*** DATASET EXCERPT Section Begins ***
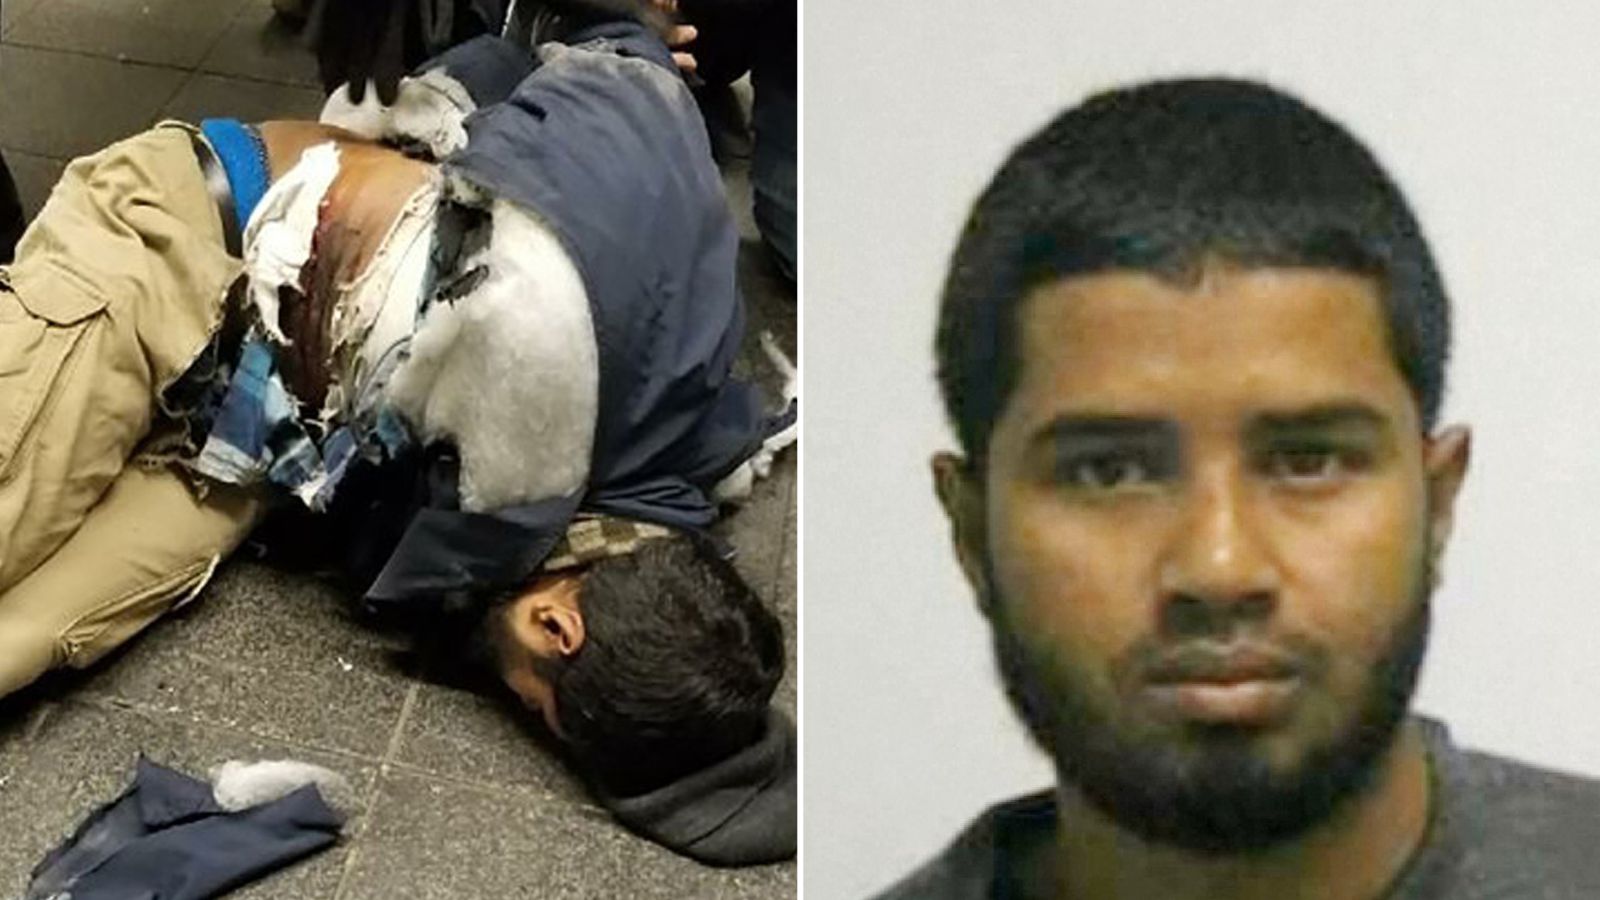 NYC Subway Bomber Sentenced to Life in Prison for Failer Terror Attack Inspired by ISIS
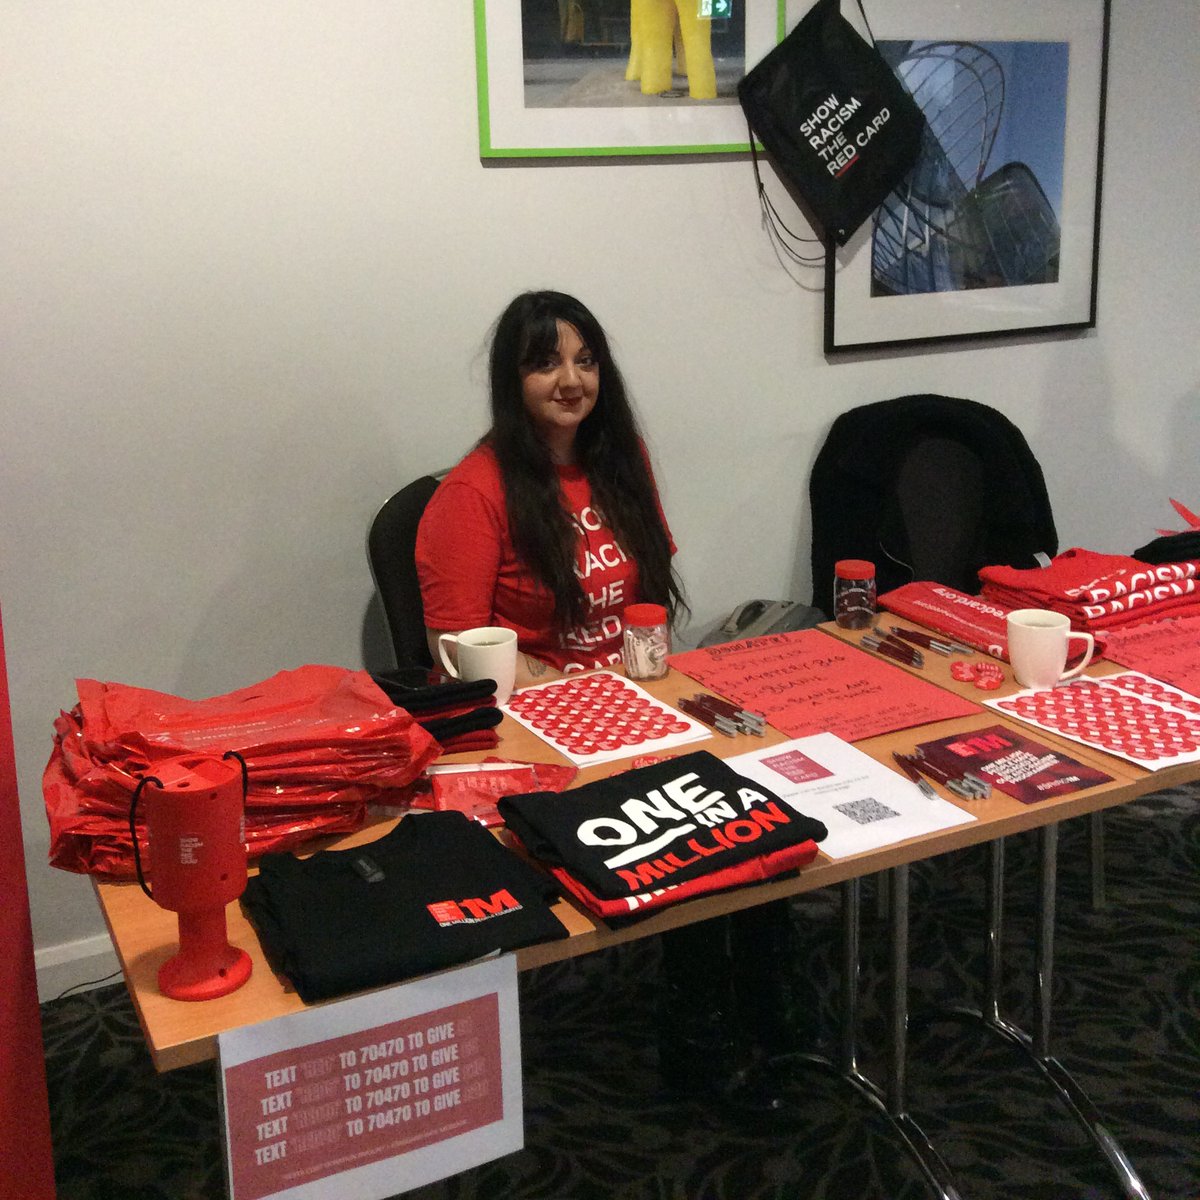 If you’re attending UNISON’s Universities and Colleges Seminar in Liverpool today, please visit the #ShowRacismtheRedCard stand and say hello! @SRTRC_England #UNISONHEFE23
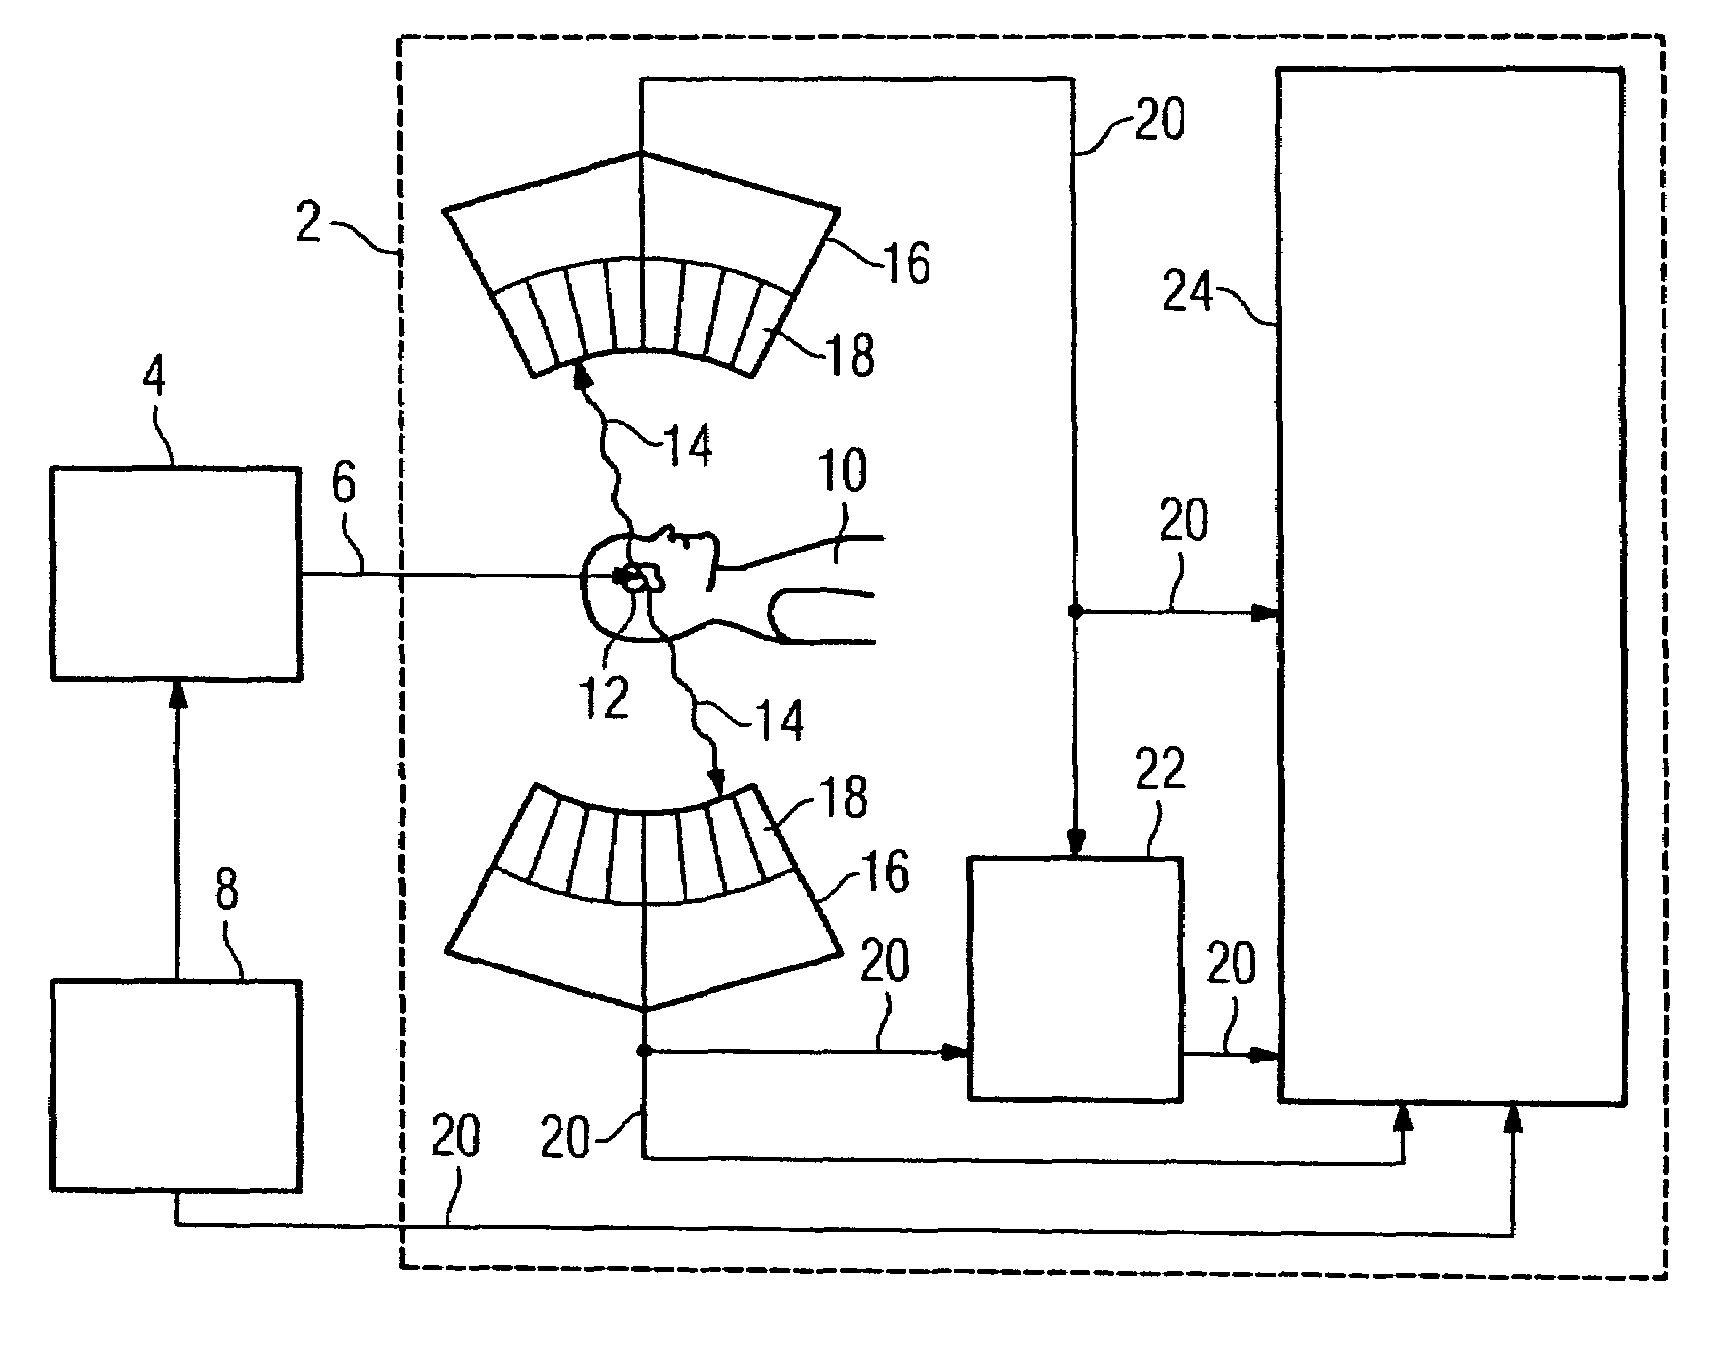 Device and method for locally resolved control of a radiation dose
*** DATASET EXCERPT Section Ends ***
• WHAT TO WORK ON: Reproduce everything above exactly, images excluded.

• SOLUTION TO THIS TASK:
 NYC Subway Bomber Sentenced to Life in Prison for Failer Terror Attack Inspired by ISIS
 If you’re attending UNISON’s Universities and Colleges Seminar in Liverpool today, please visit the #ShowRacismtheRedCard stand and say hello! @SRTRC_England #UNISONHEFE23
 Device and method for locally resolved control of a radiation dose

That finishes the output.